Tag Archives: Lara Schiffbauer

How I Got My Writing Groove Back, by Lara Schiffbauer

Lara Schiffbauer Finding MearaWhen I finally released my first novel, Finding Meara, out into the world, I thought I’d feel all kinds of wonderful, warm-fuzzy feelings, joy, exhilaration, excitement. Something!

The reality? I felt nothing. Not a darn thing – be it a good feeling or a bad feeling. I didn’t even feel relief that it was done.  This normally wouldn’t have been much of a concern, but I’d read that a self-published author needs to get lots of work out – fast – so I was feeling pressure to get my writing mojo back. The conundrum? I couldn’t even enjoy the fact that I’d actually published my first book.

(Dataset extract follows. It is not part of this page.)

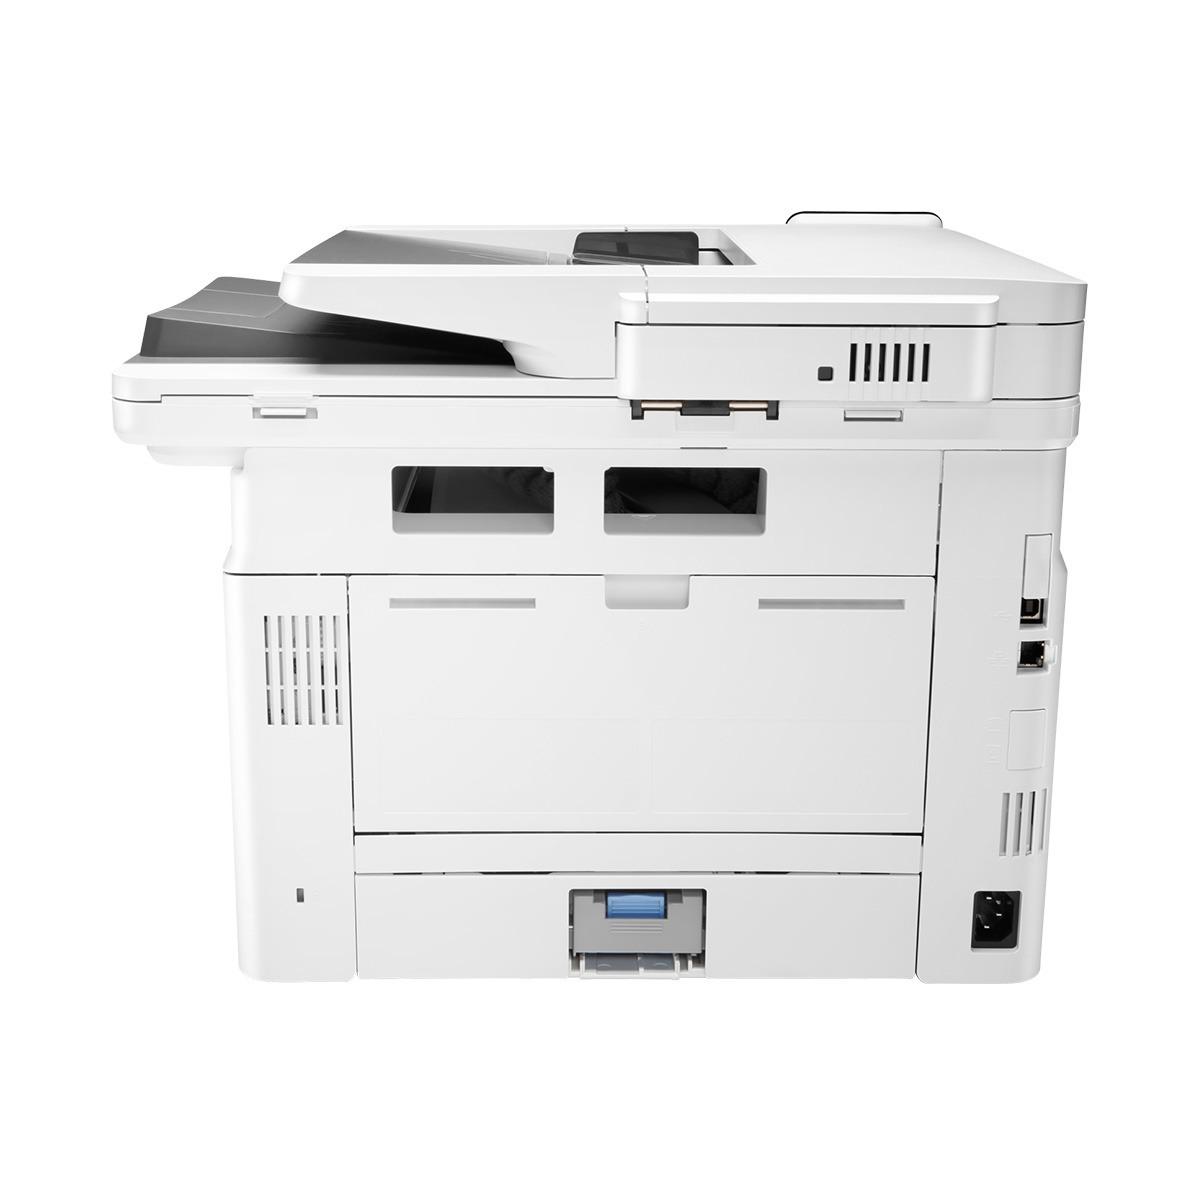 Impresora Laser Multifuncion Hp M428fdw Wifi Duplex Cuotas

How on the earth could I get excited to start the second?

Upon the advice of fellow self-published authors, I decided to cut myself a break and not freak out (as I have a tendency to do) but, at the same time, not writing at all wasn’t an option for me either. I needed to find a way to ease myself back into finding the fun in creative writing.  I concluded a visit to my writing roots was in order.

While I’m not good at it, poetry is one form of writing I’ve always enjoyed. A Sunday or two ago, I found a poetry form called a Sevenling in Writer’s Digest and slipped into the life of a unicorn being chased by a hunter. While it’s not a very good poem, I had finished under an hour. I’d played with words and lost myself in another world. There are many poetry prompts on the web, but I like Robert Lee Brewer’s Poetic Asides from Writer’s Digest. My friend and poet, JoAnn J.A. Jordan, has daily prompts and photos on her blog which are fun to draw inspiration from as well.

I began my writing journey creating short stories, and moved into flash-fiction because you can complete an entire story in a short period of time. It’s actually hard to write a good flash-fiction story, and I just happened onto a couple of wonderful blog posts about how to write effective flash-fiction and short-stories around the same time I began drawing a story together. It must have been fate. The first is a three-part series called “How to Write a Sci-Fi Flash Fiction Story” by Lydia Netzer. Although it’s geared toward Sci-Fi, the information relates to any flash-fiction story you might want to write. Another article I found helpful, which I actually read long ago, is “Tripping the short fantastical: some tips for writing short fantasy and supernatural stories” by Sophie Masson on Writer Unboxed.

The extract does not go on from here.